The link between dental caries and food intake is well demonstrated in the literature because of the role of sugars in their etiology. Obesity-related eating habits may also determine a prevalence of caries making it clear that, obesity and caries may be in close contact due to the amount of sucrose ingested and the frequency of ingestion, in relation to periodontal disease, studies show that obesity presents as a risk factor due to pro-inflammatory cytokines by adipose tissue [4-12]. Therefore, the aim of the present study was to describe the oral condition in obese patients and after bariatric surgery.
Methodology
A bibliographic survey was carried out with 13 articles, searched through the virtual library PubMed - national library of medicine US, SciELO and Google academic. Key words were searched to perform the search: oral health, periodontal disease, bone loss, cavities, nutritional deficiency and reflux with emphasis on bariatric surgery - obesity. The search criteria were: 1) -present direct or indirect relationship of bariatric surgery with the words cited above. 2) - Regarding the period of publication: between 2011 and 2017. 3) - As to the language: Portuguese and English. The total number of papers - theses were 13, of which 7 were bibliographic reviews and 5 were surveys - questionnaires and a Randomized Controlled Trial (RCT). After selecting the studies, the two reviewers evaluated the selected studies to obtain the necessary information (sample studied, type of study, indices used and the main results).
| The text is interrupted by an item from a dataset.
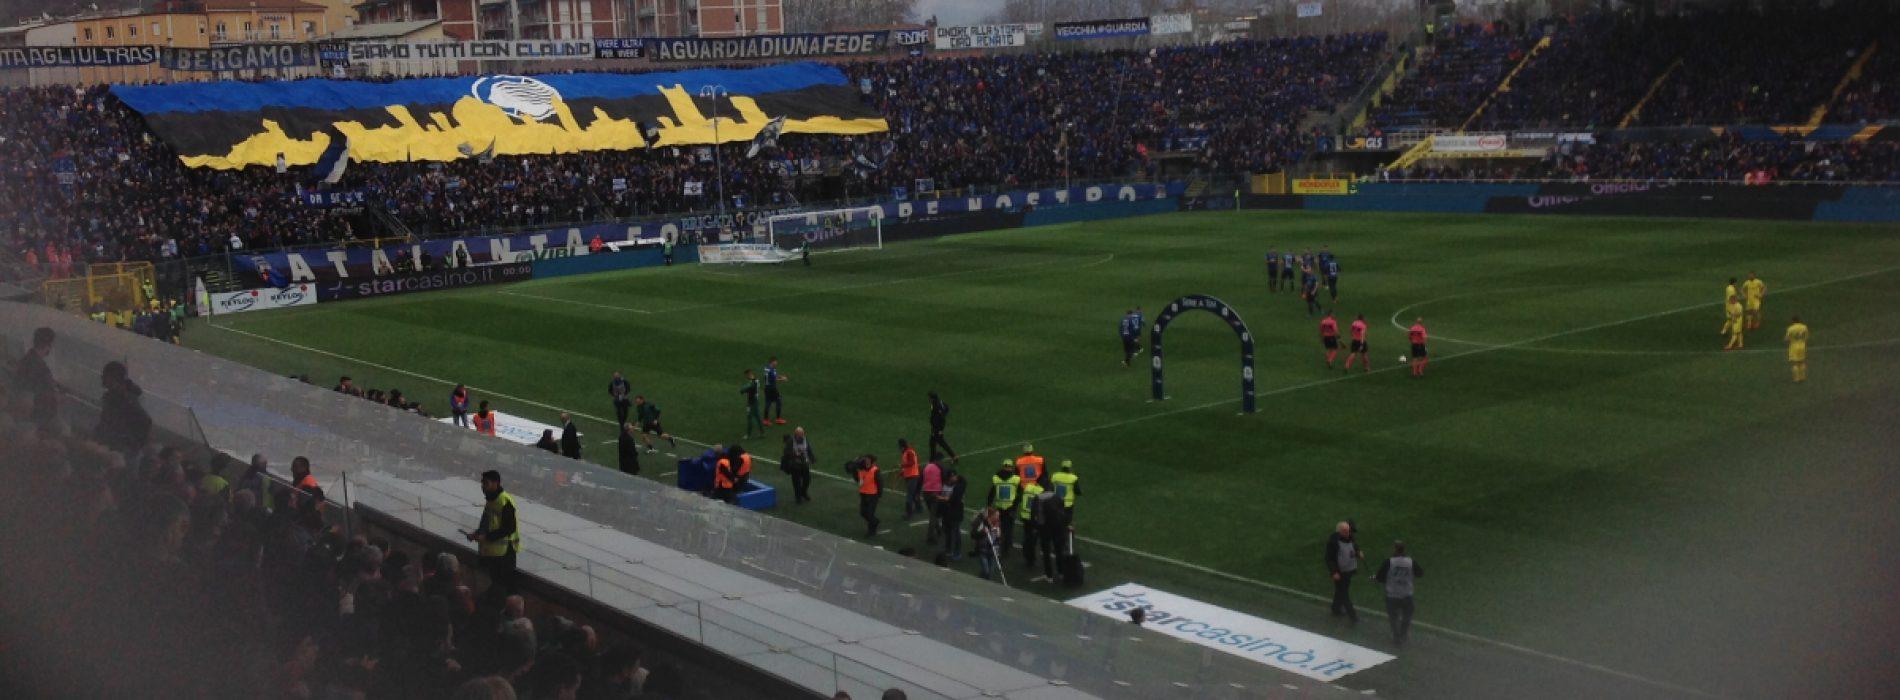 Atalanta-Verona, colpo gialloblù a Bergamo: cronaca e tabellino

Brief Comments and Discussion
Bariatric Surgery / Obesity as a Risk Factor for Oral Health
The interrelationship between obesity and oral health has been the subject of several articles, due to the increase of this disease in the current society. Moura-Grec et al, emphasize the importance of integrating the role of the dental surgeon into the multi professional team that treat obese and gastroplastized patients [7]. Generally patients undergoing Roux-en-Y gastric bypass surgery tend to suffer from chronic regurgitation or gastroesophageal reflux, which may be due to the narrowing of the silicone ring or to increased hypotonia of the lower esophageal sphincter, which leads to damage In the oral cavity, causing erosions in the enamel, with this dentin hypersensitivity, even erosions in the oral mucosa [7,11,12].
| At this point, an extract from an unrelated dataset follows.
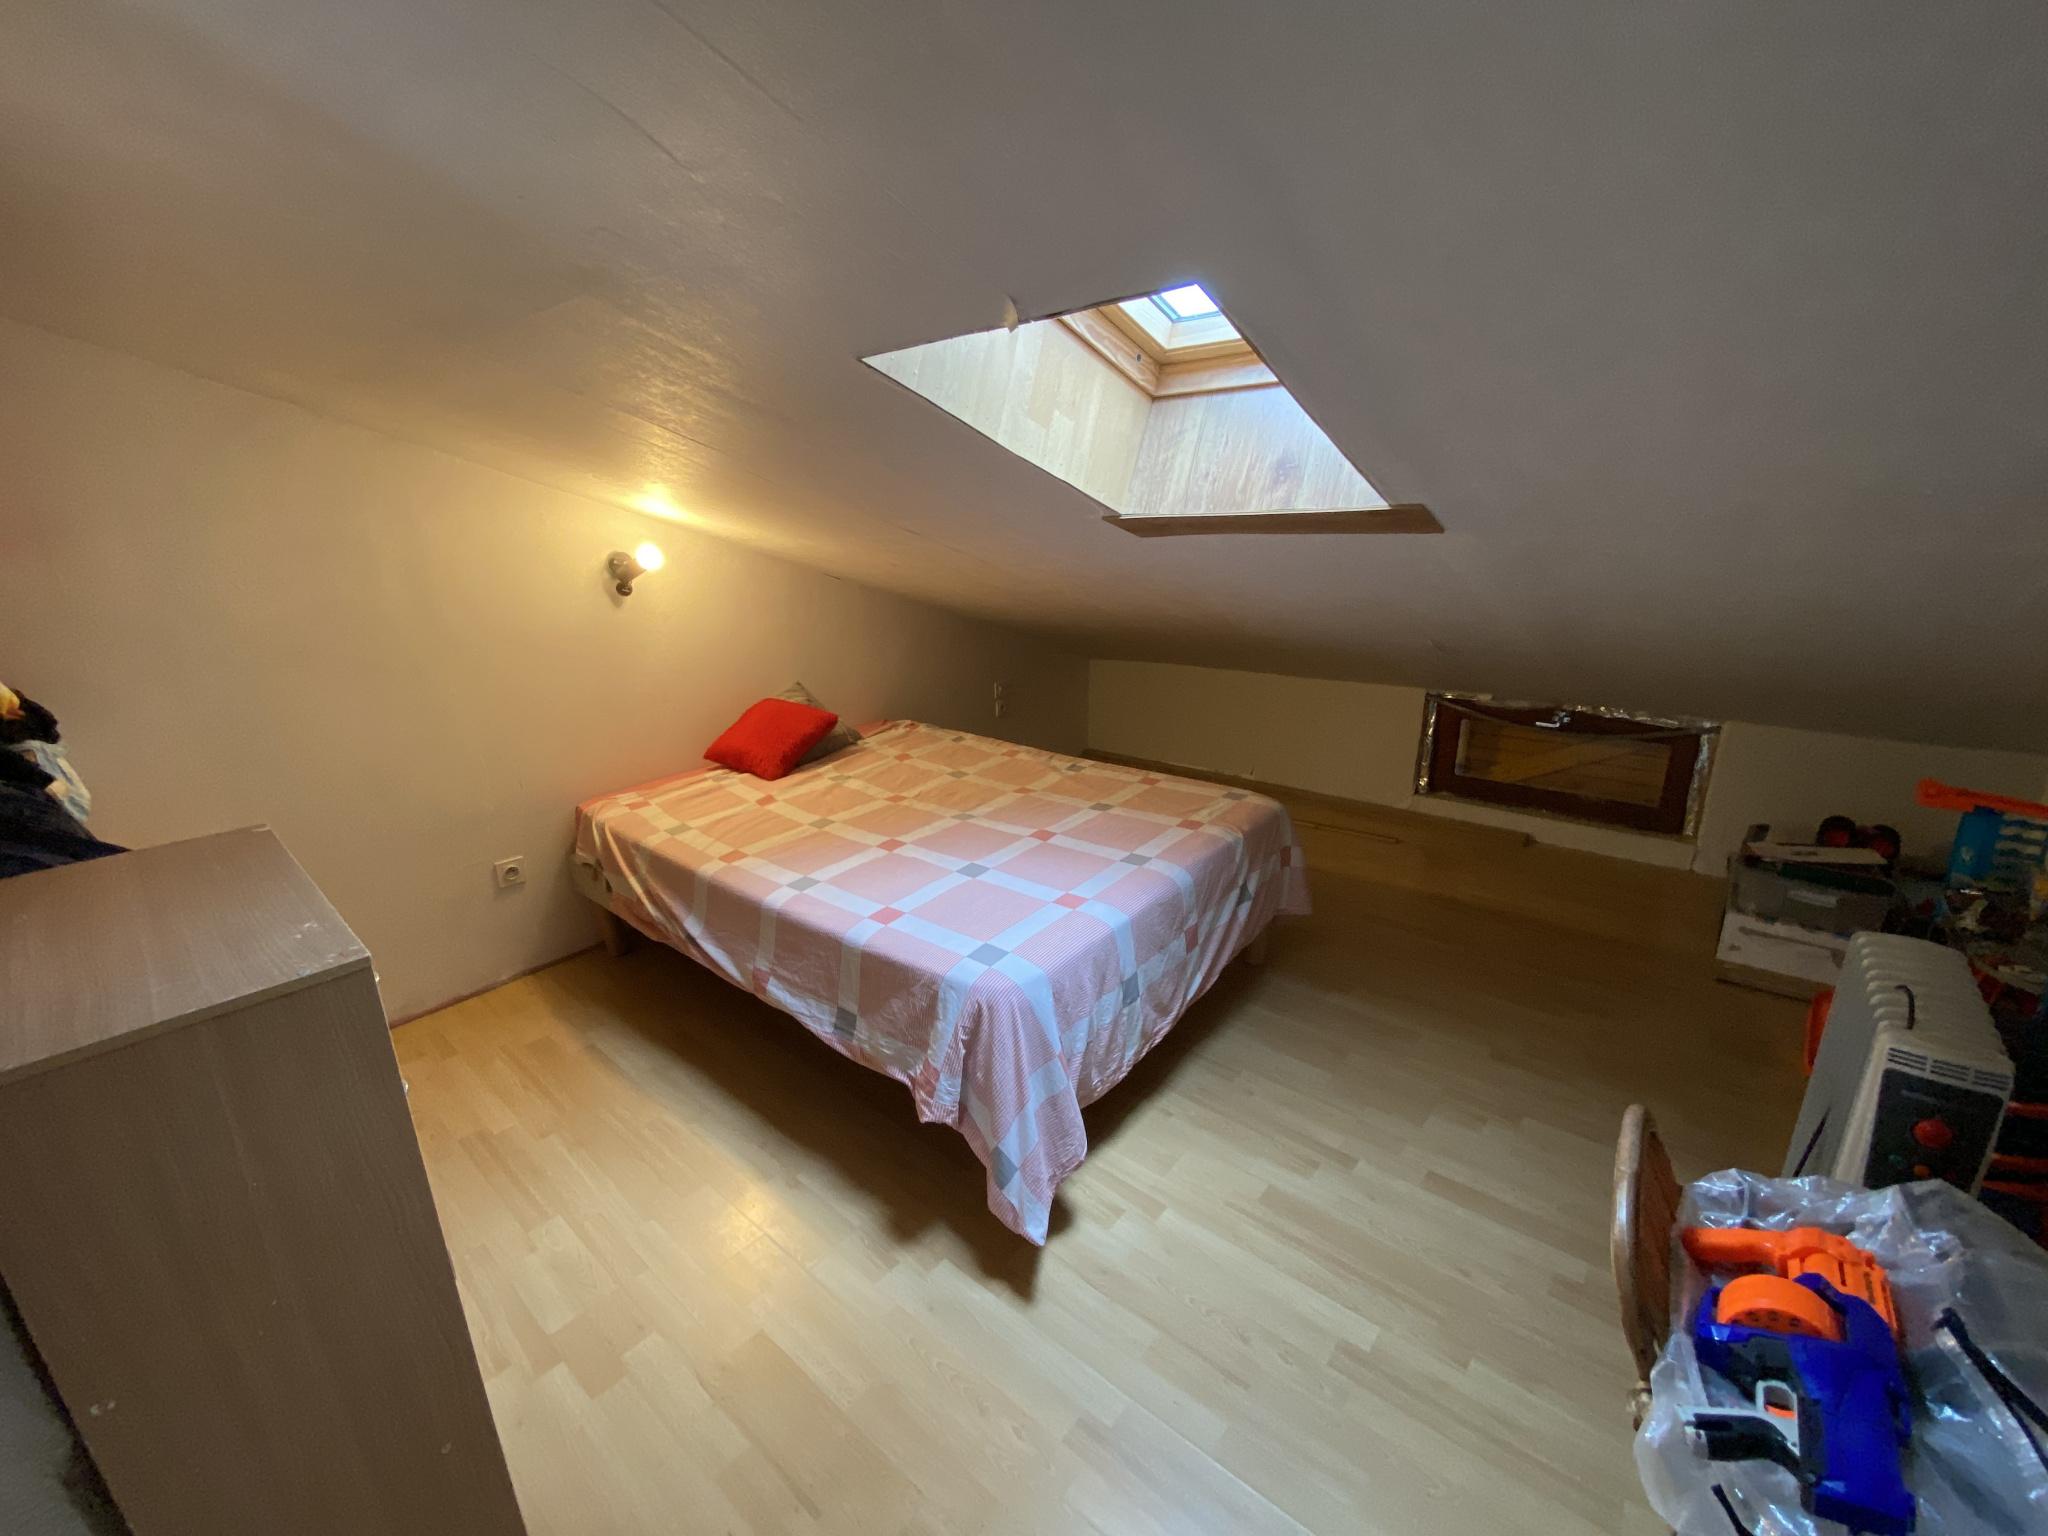 À vendre maison/villa de 90m2 à st genis des fontaines (66740) - Photo 14'

Thus, bisphosphonates, osteoclast inhibitory drugs, and are prescribed for patients who present some imbalance in the bone metabolism that promotes bone resorption, as in the treatment of osteoporosis, according to Bordalo et al, calcium deficiency has been found in the long term in patients who have undergone bariatric surgery, such as osteomalacia, hyperparathyroidism and osteoporosis, but osteonecrosis has been proven in patients who use bisphosphonates, and so the attention of the Dentist surgeon in anamnesis is of utmost importance [2].
Conclusion
According to the main literary findings, there was a strong correlation between obesity and / or bariatric surgery with decreased oral health.